Convention of London
[edit]By the Convention of London, signed on 15 July 1840, the Great Powers offered Muhammad Ali and his heirs permanent control over Egypt, Sudan, and the Eyalet of Acre if those territories would nominally remain part of the Ottoman Empire. If he did not accept the withdrawal of his forces within ten days, he would lose the offer in southern Syria. If he delayed acceptance more than 20 days, he would forfeit everything offered.[2] The European powers agreed to use all possible means of persuasion to affect the agreement, but Muhammad Ali hesitated since he believed in support from France.[3]
French position
[edit]The French, under the newly-formed cabinet of Prime Minister Adolphe Thiers, sought to increase French influence in North Africa after their conquest of Algeria. Supporting Muhammad Ali's thus-successful revolt seemed suitable. Counter Admiral Julien Pierre Anne Lalande was dispatched to the Mediterranean to eventually join forces with the defected Ottoman fleet.[4] However, France became politically isolated when the other Great Powers backed up the Sultan, and Thiers was unprepared to bring his country into open war with Britain. France switched sides and aligned against Muhammad Ali in October 1840.
Military campaign
[edit]In September 1840, the European powers eventually moved from diplomatic means to military action. When French support for Muhammad Ali failed to materialize, British and Austrian naval forces in the eastern Mediterranean moved against Syria and Alexandria.[5]

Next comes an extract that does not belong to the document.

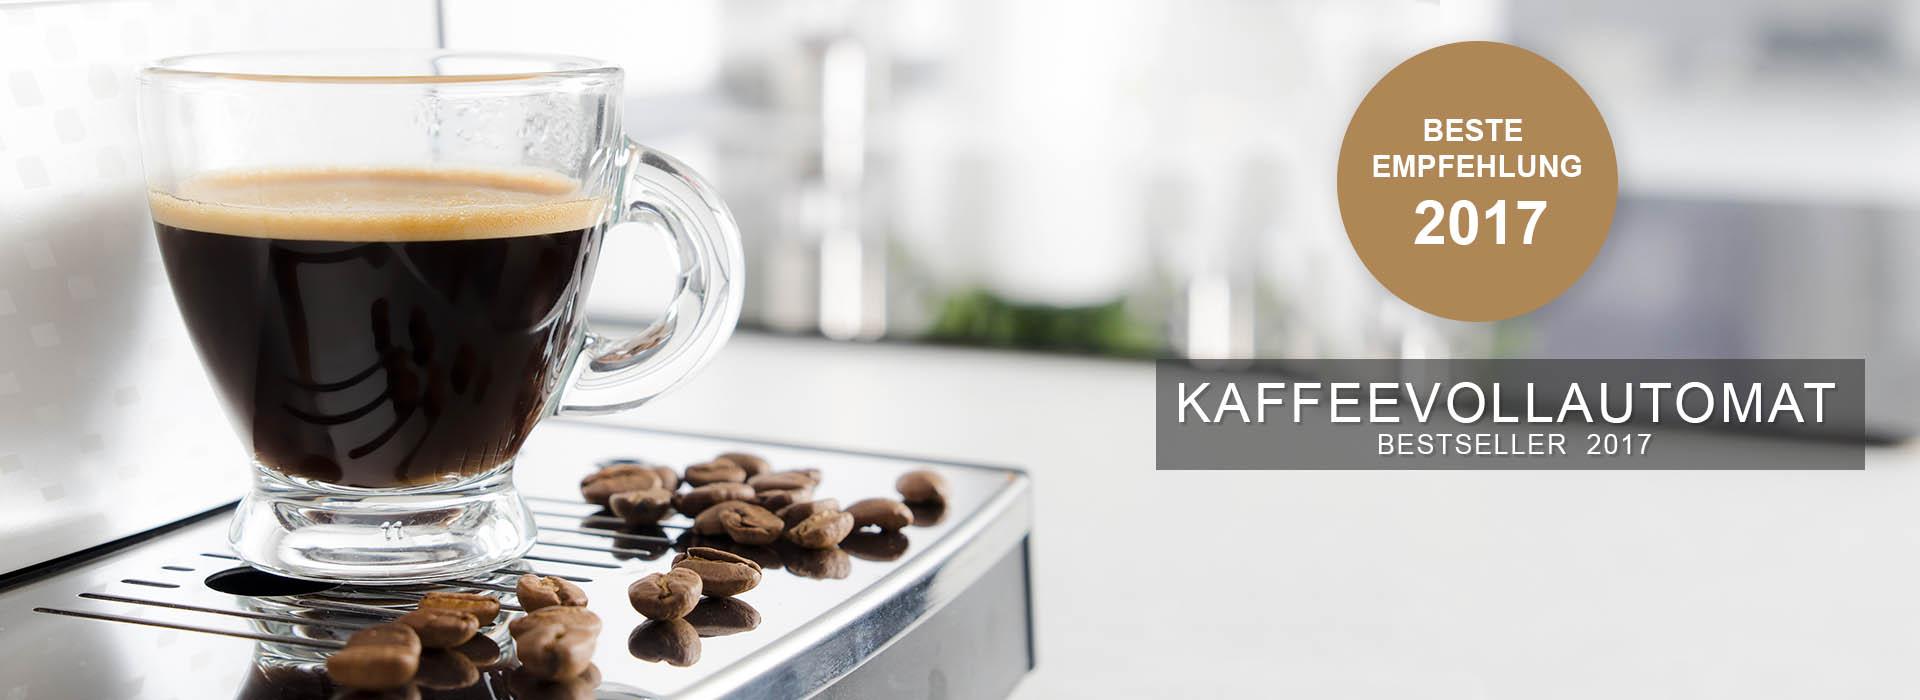 Kaffeevollautomat Testsieger 2017 | Test-Vergleiche.com | Die besten Kaffeevollautomat bis zu 70% günstiger bestellen » Kaffeevollautomat günstig kaufen

Alexandria was the port where the defecting Ottoman fleet had withdrawn. After the Royal Navy and the Austrian Navy first blockaded the Nile delta coastline, they moved east to shell Sidon and Beirut on 11 September 1840. British and Austrian forces then attacked Acre. Following the bombardment of the city and the port on 3 November 1840 a small landing party of Austrian, British and Ottoman troops, which were led personally by the Austrian fleet commander, Archduke Friedrich, took the citadel after Muhammad Ali's Egyptian garrison in Acre had fled.
Long-term results
[edit]This article may lend undue weight to certain ideas, incidents, or controversies. (December 2024) |
After the surrender of Acre, Muhammad Ali finally accepted the terms of the Convention on 27 November 1840. He renounced his claims over Crete and the Hijaz and agreed to downsize his naval forces and his standing army to 18,000 men if he and his descendants would enjoy hereditary rule over Egypt and Sudan, an unheard-of status for an Ottoman viceroy.[6] Indeed, a firman was issued by the sultan and confirmed Muhammad Ali's rule over Egypt and the Sudan. Muhammad Ali withdrew from Syria, the Hijaz, the Holy Land, Adana and Crete and handed back the Ottoman fleet.

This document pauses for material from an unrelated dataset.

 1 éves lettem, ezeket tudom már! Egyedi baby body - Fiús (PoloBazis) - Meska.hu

Ecologist Andreas Malm marked the intervention as the pivotal event in the history of the Middle East and the climate system, suggesting that the British ability to project power led to the export of fossil fuel use across the world. In addition, the intervention left Egypt economically subordinate, undergoing the most extreme deindustrialization of any country in the 19th century, and the decisive bombardments by coal-powered steamships and reports of desolation in Palestine emboldened British and American Christian Zionists, whose interests coincided with the foreign policy interests of Lord Palmerston. Malm argues that this aftermath laid the groundwork for the later Zionist movement and began the first conception of a Jewish state as a "satellite colony" that would forward the political and economic interests of the West in the Middle East, which through the 20th and 21st century have been intertwined with the petroleum industry.[7]
See also
[edit]- History of Ottoman Egypt
- History of the Ottoman Empire
- History of Egypt under the Muhammad Ali dynasty
References
[edit]- ^ Efraim Karsh, Inari Karsh, Empires of the Sand: The Struggle for Mastery in the Middle East, 1789–1923, (Harvard University Press, 2001), 36–37.
- ^ Geoffrey G. Butler, Simon Maccoby, The Development of International Law, p. 440
- ^ Efraim Karsh, Inari Karsh, Empires of the Sand: The Struggle for Mastery in the Middle East, 1789–1923, (Harvard University Press, 2001), 38.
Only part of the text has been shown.